– Я в шестом классе посмотрел «Кошмар на улице Вязов», перепугался ужасно, спать не мог. Но потом придумал целых сто способов победить Фредди Крюгера – с учетом, что он не наяву приходит, а снится. Во сне-то я и летать могу, и стрелять из пушки, и водить танк. И вообще все на свете умею, это же мой, а не чей-то сон. Я тогда даже быстро научился вспоминать во сне, что сплю, чтобы Фредди Крюгер врасплох меня не застал. Даже немного обидно, что он мне так ни разу и не приснился. Решил не связываться. Зассал.
Агне улыбнулась сквозь слезы:
– Все-таки ты круче всех на свете. Самого Фредди Крюгера запугал!
А Ганс достал из футляра саксофон и сказал:
– Лучшее, на что я способен в любой ситуации – это играть.
– Офигеть идея, – восхитилась Люси. – Вы – мой герой.
Мой герой, – думала Люси, глядя на Ганса, которого больше не было; в смысле его не было здесь, в этом чертовом темном дворе среди двухэтажных домов, облетевших деревьев, детских качелей, мусорных баков, гнилых дровяных сараев и нарисованных на них голых тел. Ганс только номинально числился среди присутствующих, а на самом деле уже был где-то так далеко, куда не дойдешь, не дотянешься, не заглянешь, зато можно стоять и слушать, как в этом недостижимом вечно хмельном, вечно молодом далеке, веселом и малахольном, звучит все громче и громче, набирая силу, такой же хмельной, веселый и малахольный Blue Train[11].

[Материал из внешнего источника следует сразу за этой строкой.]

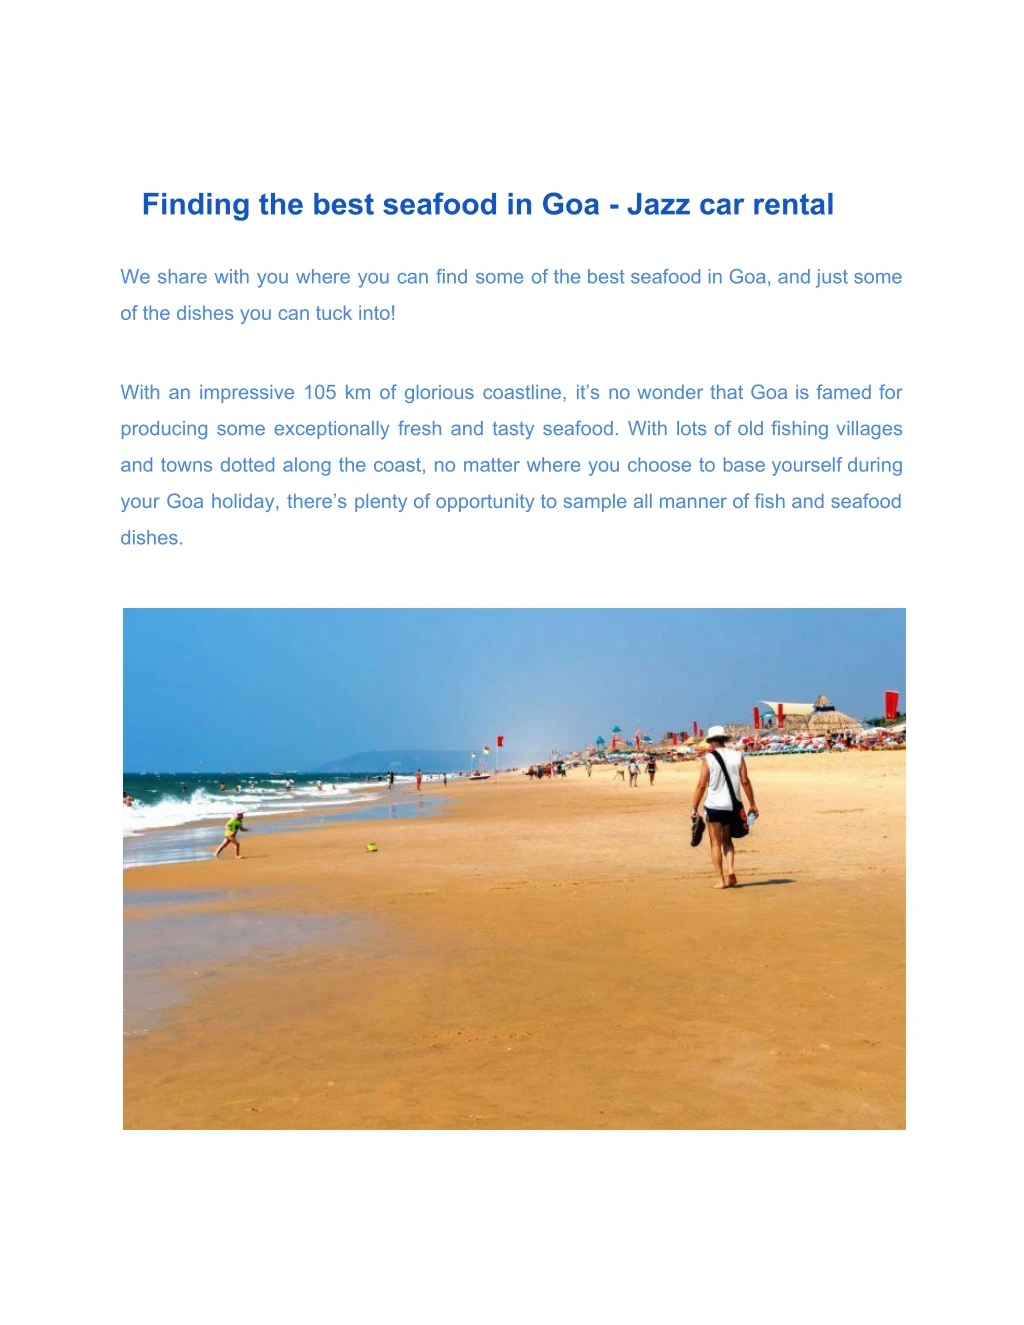 finding the best seafood in goa jazz car rental

Люси никогда особо не любила Колтрейна и остальную компанию, весь этот старый добрый джаз казался ей просто приятной фоновой музыкой, не заводил, не цеплял, не трогал – до сих пор, до этого чертова вечера, когда они забрели в мрачную свинскую щель, провалились в ад, пропитались насквозь его стоячей мерзостью и тоской, и вдруг посреди всего этого возник саксофон и заговорил практически человеческим голосом на понятном им языке. Расслабьтесь уже, чуваки, – говорил саксофон, – хватит херней маяться, забейте, вдохните, выдохните, мало ли что на слишком трезвую голову примерещилось, нет никакого ада, ада вообще не бывает, зато я точно есть.
Агне потянула Люси за рукав, сказала почти беззвучно, показывая куда-то в темную глубь двора:
– До меня только дошло. Мы же оттуда в первый раз зашли, через браму[12]. С другого конца…
Люси даже не дала ей договорить, энергично закивала и легонько подтолкнула Агне в указанном направлении – дескать, не стой, иди туда. Митя, все это время державший жену за руку, пошел за ней. Люси ухватила под локоть оцепеневшую Жанну, саксофониста бережно приобняла за талию и потихоньку повела обоих в дальний конец двора, молясь всем непостижимым вымышленным богам, включая Йог-Сотота и Ктулху, чтобы Ганс не переставал играть, пока они все не дойдут до невидимой в темноте брамы. И чтобы эта брама на самом деле была.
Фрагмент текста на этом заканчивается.